The Zombie Survival Guide
- Author: Max Brooks
- Cover artist: Max Werner
- Language: English
- Subject: Zombies
- Genre: Humor, Horror, Informative
- Publisher: Three Rivers Press
- Publication date: September 16, 2003
- Publication place: United States
- Media type: Print (Paperback), Ebook
- Pages: 272
- ISBN: 1-4000-4962-8
- OCLC: 51251720
- Followed by: World War Z

= The Zombie Survival Guide =

2003 fictional survival manual by Max Brooks

The Zombie Survival Guide is the first book written by American author Max Brooks, published in 2003. It is a fictional survival manual about zombies, containing information about zombie physiology and behavior, defense strategies and tactics, and includes case studies of possible zombie outbreaks throughout history. Despite its fictional subject matter, the book also includes practical information on disaster preparedness, generally.

Brooks' second book, World War Z (2006), is a follow-up to The Zombie Survival Guide, describing the events of a zombie apocalypse set in the same fictional universe.

==Contents==
The book is divided into seven sections and an appendix. The first section contains information on the nature of "Solanum", a virus that causes zombification, as well as the physical attributes of zombies and a classification system for the severity of hypothetical zombie outbreaks. The next five sections cover practical survival skills and advice for coping with a zombie outbreak, including combat, defense preparations, methods of transportation, and adapting to a world overrun with zombies. The final section lists recorded zombie attacks throughout history.

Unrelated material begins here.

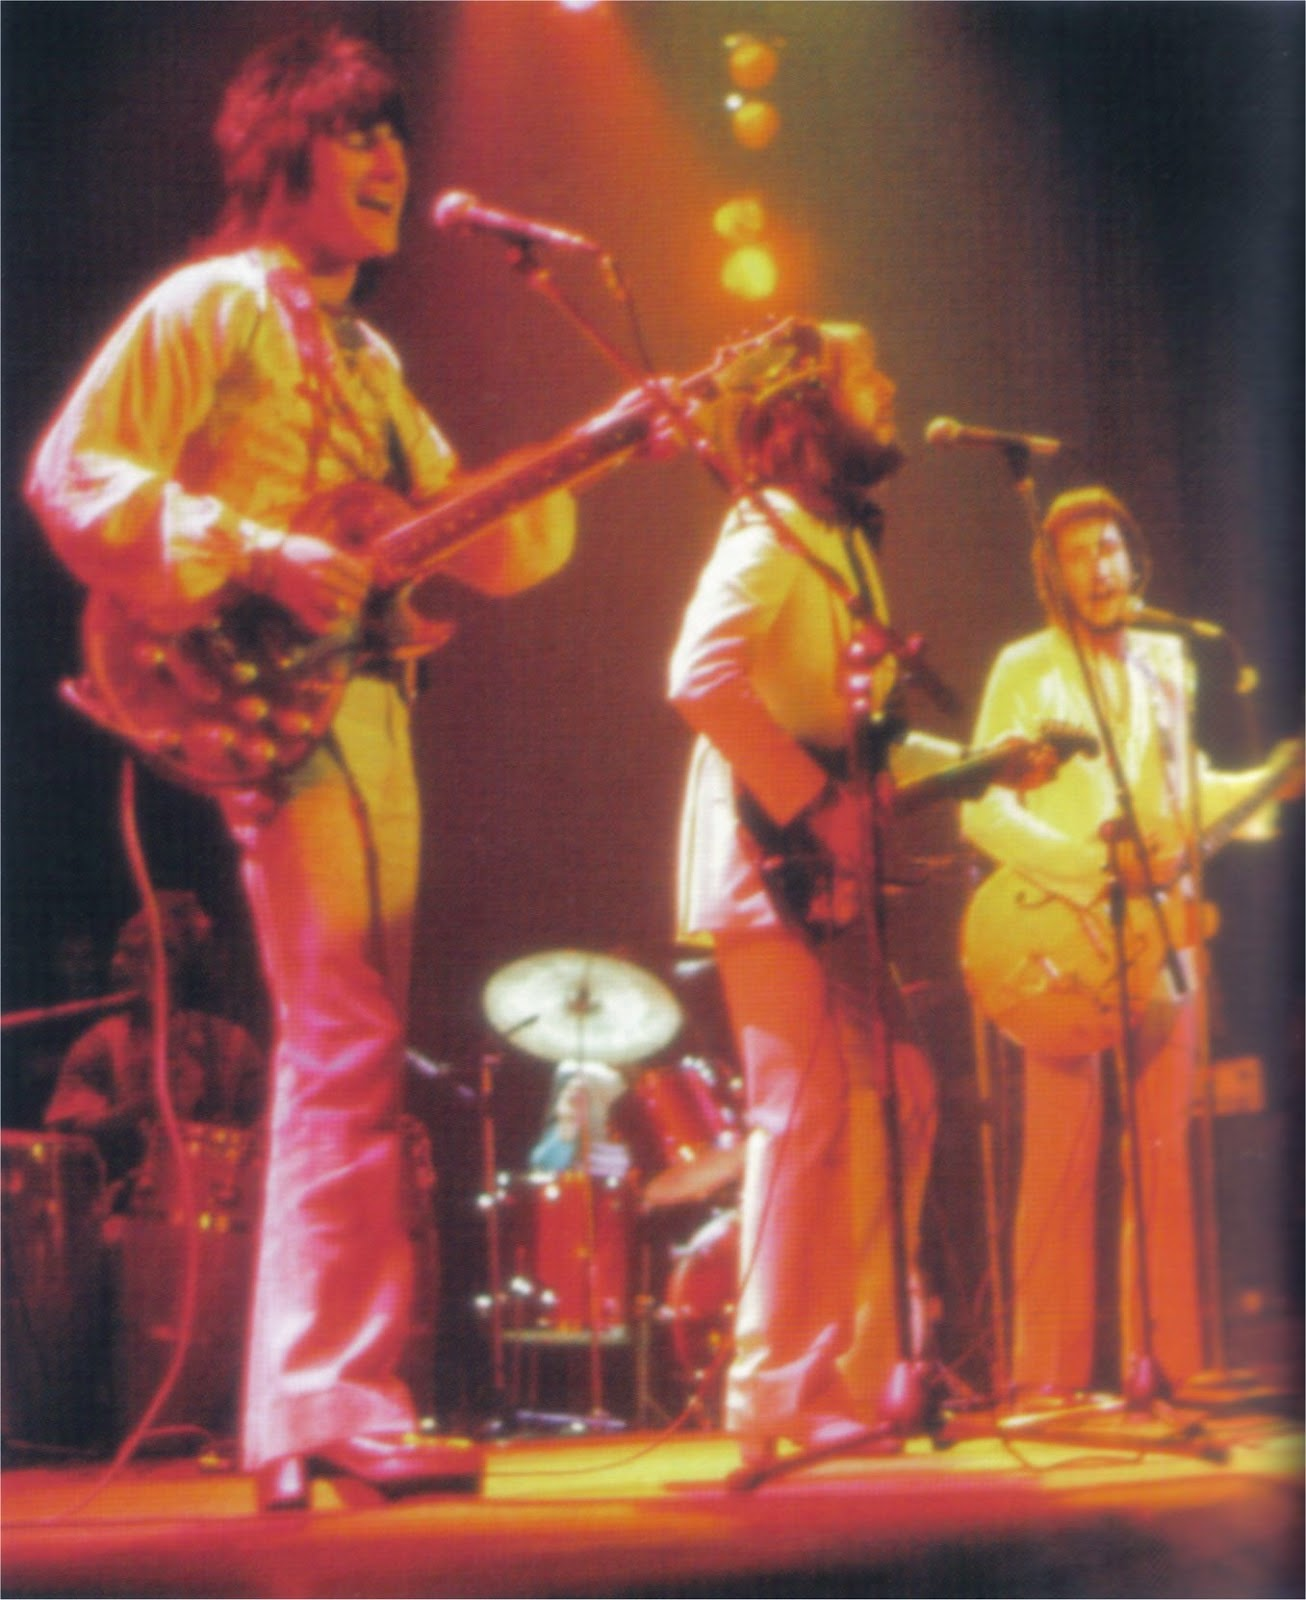 Wood, Clapton & Townsend - Rainbow Concert

The appendix is an "outbreak journal" for the reader to record incidents of possible zombie activity or outbreaks, including dates, locations, distance, specifics, and actions taken in response. It contains an example entry describing a suspicious news report about a family that had been murdered and partially eaten, and the preparedness steps taken by the entry's author as a result.

==Background==
In a 2013 interview with The New York Times, Brooks said he felt his literary agent had marketed the book as a parody, saying "How I think my agent pitched them was like, Mel Brooks' son, who has just won an Emmy for 'S.N.L.,' wrote this unbelievable parody, tongue in cheek, he never breaks character. He's totally making fun of a zombie plague." However, he considered the book to be in the self-help genre, rather than humor, saying "I can't think of anything less funny than dying in a zombie attack."

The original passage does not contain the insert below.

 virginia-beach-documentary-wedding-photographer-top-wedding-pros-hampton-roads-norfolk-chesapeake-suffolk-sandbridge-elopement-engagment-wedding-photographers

Brooks' second book, World War Z, is a follow-up to The Zombie Survival Guide. Brooks has stated that the zombies in World War Z obey the same laws described in The Zombie Survival Guide, and suggested that they may exist in the same fictional universe.

==Reception==
The book was generally well received as both informative and entertaining. However, some critics struggled to classify the book as either a satirical parody or a sincere exploration of the zombie genre. Recommending the book for zombie enthusiasts, Jake Halpern of NPR wrote "Most people assume that Brooks wrote this book as a joke, and perhaps he did — but I'm not laughing," and that "only a moron or an absolutely shameless zombie dork like myself would read these books and take every word at face value. But that's pretty much exactly what I do." Publishers Weekly called the book an "outrageous parody of a survival guide" which was amusing but "unnecessarily exhaustive". Pyramid described the book as akin to a "roleplaying game sourcebook", saying Brooks "uses a particular blend of dark humor and horror" and "treats the subject with such an earnest and serious tone".